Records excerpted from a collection
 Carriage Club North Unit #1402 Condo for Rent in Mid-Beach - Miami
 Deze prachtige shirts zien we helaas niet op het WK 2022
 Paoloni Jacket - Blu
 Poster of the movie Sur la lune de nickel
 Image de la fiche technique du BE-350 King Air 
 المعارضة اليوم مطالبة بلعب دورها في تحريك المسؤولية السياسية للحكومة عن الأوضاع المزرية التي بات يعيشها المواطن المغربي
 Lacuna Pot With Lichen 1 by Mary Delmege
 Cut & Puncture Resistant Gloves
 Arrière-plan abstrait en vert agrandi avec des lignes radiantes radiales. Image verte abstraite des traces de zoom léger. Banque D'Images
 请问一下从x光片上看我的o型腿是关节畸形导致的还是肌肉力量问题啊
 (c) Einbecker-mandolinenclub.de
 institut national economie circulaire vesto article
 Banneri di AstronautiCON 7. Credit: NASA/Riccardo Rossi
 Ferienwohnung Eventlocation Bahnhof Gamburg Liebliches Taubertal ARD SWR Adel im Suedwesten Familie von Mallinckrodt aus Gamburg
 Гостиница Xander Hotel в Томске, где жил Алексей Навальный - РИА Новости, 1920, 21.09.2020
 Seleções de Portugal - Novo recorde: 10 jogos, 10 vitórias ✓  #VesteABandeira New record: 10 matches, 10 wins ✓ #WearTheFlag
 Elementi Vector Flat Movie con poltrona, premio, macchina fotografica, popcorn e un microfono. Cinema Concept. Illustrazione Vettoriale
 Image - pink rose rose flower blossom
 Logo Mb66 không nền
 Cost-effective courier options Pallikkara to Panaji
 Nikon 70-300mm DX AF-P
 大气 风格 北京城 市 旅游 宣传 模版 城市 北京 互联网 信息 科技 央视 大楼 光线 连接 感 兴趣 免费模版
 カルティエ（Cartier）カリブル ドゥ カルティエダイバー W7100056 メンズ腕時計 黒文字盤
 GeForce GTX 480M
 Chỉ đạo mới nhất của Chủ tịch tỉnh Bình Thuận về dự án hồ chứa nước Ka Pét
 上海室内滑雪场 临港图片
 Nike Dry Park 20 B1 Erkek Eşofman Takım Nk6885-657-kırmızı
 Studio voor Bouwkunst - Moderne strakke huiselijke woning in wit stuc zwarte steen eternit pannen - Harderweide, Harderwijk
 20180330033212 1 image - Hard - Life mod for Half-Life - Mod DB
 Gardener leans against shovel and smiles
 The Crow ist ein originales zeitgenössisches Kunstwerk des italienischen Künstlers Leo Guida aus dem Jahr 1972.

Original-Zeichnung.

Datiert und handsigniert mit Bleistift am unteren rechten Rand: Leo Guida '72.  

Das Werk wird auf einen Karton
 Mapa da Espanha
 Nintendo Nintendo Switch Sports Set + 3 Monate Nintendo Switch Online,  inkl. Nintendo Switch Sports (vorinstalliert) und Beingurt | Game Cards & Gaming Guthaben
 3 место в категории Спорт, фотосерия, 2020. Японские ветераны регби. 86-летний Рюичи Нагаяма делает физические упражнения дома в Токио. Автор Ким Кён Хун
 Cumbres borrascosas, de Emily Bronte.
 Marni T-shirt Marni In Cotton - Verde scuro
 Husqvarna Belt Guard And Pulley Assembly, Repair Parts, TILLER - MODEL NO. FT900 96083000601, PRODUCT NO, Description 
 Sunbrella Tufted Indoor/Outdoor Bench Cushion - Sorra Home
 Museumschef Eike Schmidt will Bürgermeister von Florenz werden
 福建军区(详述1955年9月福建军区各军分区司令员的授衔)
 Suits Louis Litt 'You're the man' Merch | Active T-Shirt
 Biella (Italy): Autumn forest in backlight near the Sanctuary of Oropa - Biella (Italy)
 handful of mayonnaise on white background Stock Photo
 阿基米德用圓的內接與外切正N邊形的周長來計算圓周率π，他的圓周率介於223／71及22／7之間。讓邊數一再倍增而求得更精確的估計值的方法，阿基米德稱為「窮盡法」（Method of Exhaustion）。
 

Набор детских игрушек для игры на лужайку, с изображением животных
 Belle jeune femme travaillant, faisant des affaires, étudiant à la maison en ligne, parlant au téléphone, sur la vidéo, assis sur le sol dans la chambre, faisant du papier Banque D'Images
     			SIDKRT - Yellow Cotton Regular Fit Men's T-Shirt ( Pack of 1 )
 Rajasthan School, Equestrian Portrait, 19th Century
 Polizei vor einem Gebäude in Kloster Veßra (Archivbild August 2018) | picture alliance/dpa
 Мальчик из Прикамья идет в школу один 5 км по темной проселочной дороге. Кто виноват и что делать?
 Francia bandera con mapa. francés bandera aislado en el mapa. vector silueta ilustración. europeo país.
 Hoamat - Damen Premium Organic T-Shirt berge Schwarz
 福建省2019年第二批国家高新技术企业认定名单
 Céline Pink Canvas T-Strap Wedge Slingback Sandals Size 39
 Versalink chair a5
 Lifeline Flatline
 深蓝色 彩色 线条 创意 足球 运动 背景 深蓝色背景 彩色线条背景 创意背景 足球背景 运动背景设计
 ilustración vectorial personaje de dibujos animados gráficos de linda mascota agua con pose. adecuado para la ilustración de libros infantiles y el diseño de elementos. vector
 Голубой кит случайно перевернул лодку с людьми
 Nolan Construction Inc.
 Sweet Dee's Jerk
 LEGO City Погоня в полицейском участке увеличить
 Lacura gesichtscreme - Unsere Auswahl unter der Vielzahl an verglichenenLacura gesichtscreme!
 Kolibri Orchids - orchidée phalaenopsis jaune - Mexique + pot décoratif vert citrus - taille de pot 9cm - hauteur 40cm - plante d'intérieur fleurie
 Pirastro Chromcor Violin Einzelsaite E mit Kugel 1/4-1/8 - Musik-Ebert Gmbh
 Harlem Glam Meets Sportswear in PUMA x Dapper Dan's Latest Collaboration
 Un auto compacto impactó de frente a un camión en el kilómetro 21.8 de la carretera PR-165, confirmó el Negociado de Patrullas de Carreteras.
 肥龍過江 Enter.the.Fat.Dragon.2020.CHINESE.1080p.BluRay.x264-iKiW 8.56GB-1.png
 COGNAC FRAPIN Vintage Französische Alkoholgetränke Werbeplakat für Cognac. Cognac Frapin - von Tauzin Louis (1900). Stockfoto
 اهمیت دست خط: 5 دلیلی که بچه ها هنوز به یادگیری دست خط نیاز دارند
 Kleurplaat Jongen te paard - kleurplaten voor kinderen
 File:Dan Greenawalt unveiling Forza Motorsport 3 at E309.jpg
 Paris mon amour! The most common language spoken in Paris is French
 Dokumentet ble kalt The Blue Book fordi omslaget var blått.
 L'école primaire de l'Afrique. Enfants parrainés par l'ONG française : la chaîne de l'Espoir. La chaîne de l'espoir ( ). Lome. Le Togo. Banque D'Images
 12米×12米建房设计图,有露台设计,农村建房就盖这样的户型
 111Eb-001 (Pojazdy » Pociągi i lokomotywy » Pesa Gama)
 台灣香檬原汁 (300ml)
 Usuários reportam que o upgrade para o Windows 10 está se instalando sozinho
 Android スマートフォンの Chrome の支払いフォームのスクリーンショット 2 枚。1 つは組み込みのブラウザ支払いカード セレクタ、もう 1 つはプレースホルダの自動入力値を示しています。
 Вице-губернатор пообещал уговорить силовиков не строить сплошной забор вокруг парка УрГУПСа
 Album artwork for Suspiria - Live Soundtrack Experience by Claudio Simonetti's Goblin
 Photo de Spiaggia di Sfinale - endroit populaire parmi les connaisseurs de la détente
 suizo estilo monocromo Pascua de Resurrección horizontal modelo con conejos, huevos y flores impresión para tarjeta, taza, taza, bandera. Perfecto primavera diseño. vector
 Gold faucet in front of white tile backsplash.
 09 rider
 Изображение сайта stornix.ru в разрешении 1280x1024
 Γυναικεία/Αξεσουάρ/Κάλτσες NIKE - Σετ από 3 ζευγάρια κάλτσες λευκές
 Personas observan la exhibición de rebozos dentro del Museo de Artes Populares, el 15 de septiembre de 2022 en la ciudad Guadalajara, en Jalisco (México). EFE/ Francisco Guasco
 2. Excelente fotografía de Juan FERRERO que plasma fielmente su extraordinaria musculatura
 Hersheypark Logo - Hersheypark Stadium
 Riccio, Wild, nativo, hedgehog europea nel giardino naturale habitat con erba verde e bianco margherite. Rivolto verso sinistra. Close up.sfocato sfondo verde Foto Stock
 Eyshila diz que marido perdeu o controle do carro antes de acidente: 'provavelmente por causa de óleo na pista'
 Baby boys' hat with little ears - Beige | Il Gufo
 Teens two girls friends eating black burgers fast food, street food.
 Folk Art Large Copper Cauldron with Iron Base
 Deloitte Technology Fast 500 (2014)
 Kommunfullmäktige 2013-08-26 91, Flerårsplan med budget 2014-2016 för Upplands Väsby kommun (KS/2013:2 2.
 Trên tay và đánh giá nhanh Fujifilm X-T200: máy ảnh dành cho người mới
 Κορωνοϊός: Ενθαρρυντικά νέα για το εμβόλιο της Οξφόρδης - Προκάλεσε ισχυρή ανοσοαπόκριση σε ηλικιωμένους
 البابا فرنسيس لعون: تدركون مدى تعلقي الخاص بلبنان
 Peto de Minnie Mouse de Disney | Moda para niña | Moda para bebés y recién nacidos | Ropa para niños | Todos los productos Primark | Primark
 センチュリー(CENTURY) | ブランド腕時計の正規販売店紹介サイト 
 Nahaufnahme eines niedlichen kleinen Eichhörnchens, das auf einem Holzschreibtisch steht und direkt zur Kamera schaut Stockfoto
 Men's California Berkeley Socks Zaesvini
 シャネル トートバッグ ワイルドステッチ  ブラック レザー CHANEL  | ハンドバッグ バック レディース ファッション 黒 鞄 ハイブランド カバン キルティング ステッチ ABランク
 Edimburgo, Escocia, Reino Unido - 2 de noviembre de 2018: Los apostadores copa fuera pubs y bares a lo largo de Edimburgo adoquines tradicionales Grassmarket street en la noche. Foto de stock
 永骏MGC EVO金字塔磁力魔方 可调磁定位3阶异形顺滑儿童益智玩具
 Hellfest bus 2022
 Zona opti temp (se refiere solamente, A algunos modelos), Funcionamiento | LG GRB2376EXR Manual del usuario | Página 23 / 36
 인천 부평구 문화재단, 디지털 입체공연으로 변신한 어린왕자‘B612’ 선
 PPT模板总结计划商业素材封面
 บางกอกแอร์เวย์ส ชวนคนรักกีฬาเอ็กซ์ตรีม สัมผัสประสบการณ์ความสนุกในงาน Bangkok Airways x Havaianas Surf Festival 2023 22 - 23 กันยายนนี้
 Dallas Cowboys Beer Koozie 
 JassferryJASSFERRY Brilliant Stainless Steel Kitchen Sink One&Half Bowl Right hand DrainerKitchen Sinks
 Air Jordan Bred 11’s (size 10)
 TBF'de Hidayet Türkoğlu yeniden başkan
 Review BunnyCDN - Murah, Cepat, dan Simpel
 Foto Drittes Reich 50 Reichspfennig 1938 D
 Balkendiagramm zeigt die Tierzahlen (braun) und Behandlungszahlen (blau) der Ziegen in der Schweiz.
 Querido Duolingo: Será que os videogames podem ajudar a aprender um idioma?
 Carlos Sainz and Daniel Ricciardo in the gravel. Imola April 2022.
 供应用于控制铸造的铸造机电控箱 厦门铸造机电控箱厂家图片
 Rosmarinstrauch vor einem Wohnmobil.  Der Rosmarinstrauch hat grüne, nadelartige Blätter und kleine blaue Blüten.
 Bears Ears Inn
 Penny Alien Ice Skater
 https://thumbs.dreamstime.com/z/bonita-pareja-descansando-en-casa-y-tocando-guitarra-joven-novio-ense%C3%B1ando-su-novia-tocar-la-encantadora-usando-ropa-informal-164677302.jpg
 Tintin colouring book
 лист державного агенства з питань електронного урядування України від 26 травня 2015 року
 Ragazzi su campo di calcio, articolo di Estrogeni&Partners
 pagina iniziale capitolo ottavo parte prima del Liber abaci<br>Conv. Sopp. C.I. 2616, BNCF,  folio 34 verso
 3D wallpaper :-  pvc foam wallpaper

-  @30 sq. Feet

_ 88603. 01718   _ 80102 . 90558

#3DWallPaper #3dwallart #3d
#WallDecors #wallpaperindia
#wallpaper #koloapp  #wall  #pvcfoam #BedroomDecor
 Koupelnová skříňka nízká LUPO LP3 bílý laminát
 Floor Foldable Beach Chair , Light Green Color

The task — All lines from the line containing "#3DWallPaper #3dwallart #3d" through the last line of the data are to be repeated exactly; no other line belongs in the answer.

Finished task —
#3DWallPaper #3dwallart #3d
#WallDecors #wallpaperindia
#wallpaper #koloapp  #wall  #pvcfoam #BedroomDecor
 Koupelnová skříňka nízká LUPO LP3 bílý laminát
 Floor Foldable Beach Chair , Light Green Color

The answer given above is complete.